Amidst the madness, Scotland and I stopped by to see a few friends last night. They are all doing so wonderfully, Ashley is engaged and through the roof happy, Katie and Perry are basking in the newlywed glow, and Kali is perfectly pregnant with twins. I was so happy to see all of them, each with their own happy stage of life and it reminded me how happy I am too...I am an almost married blissfully happy fool!

Today I am still feeling a little bit sick from how many crepes I ate last night... I had heart burn in the middle of the night and so I woke up to take something for it, and then I couldn't get back to sleep for forever.

My mind was jumping from events and lists to flowers and food like a hopscotching fool! I tossed and turned and tried calm myself down, all to no avail. So I got up and showered at about five in the morning and then went back to bed.
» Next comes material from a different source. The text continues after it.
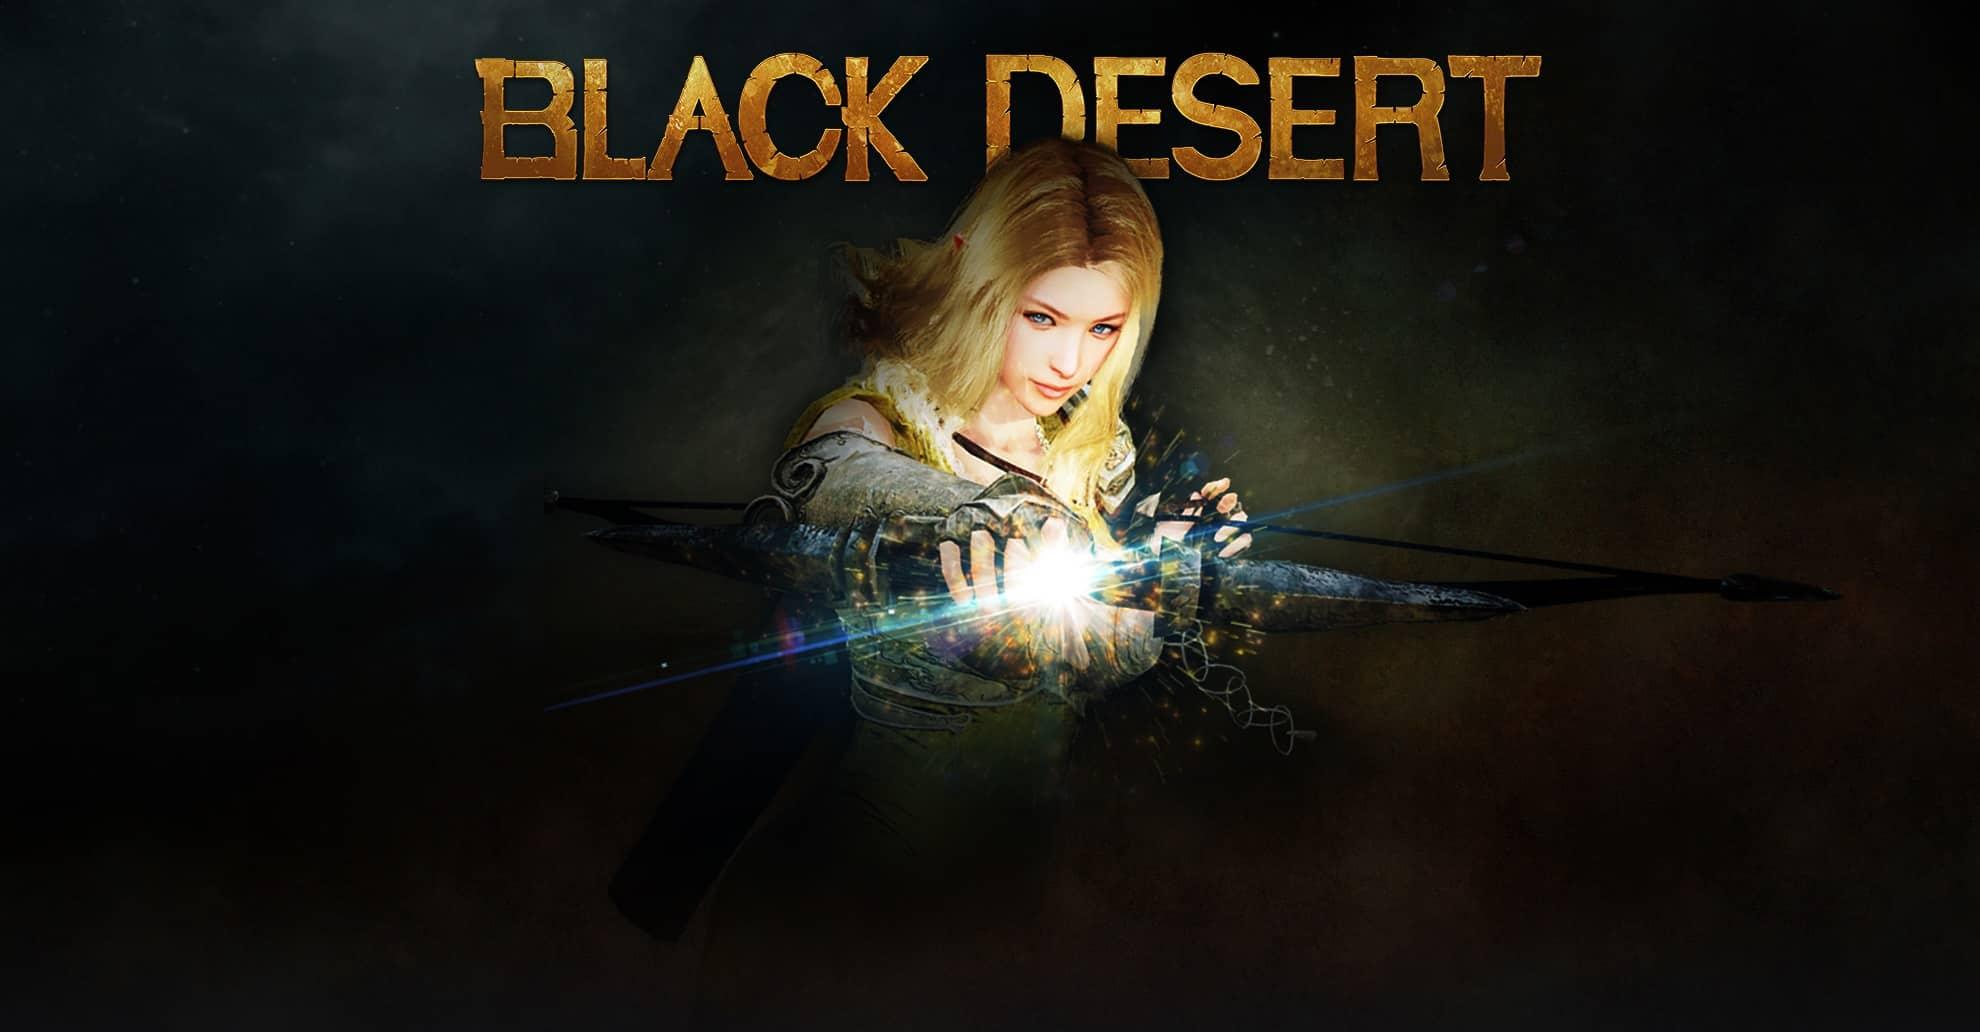 [BLACK DESERT ONLINE] Live ce soir à 18h20/18h30 sur Black Desert Online

Worked like a charm...and then I was almost late to work...

Monday, June 22, 2009

Weekend extravaganza

I had a WEEKEND EXTRAVAGANZA that I would love to tell you about. And every time I type the words WEEKEND EXTRAVAGANZA I hear an announcer voice in my head with cheesy commercial background music booming the words WEEKEND EXTRAVAGANZA announcing my blog. Wow.


Anywhosal Friday I took off early from work and picked up Scotland and we headed up to a cousin's wedding. Every time someone would ask me about our wedding, I found myself shouting THREE WEEKS (but this time in my own voice) to the great amusement of my darling Scotland. Summary: It was cute, her colors were various shades of blue, my uncle Cory looked dashing in his black suit, there was dancing and wedding cake, all was well.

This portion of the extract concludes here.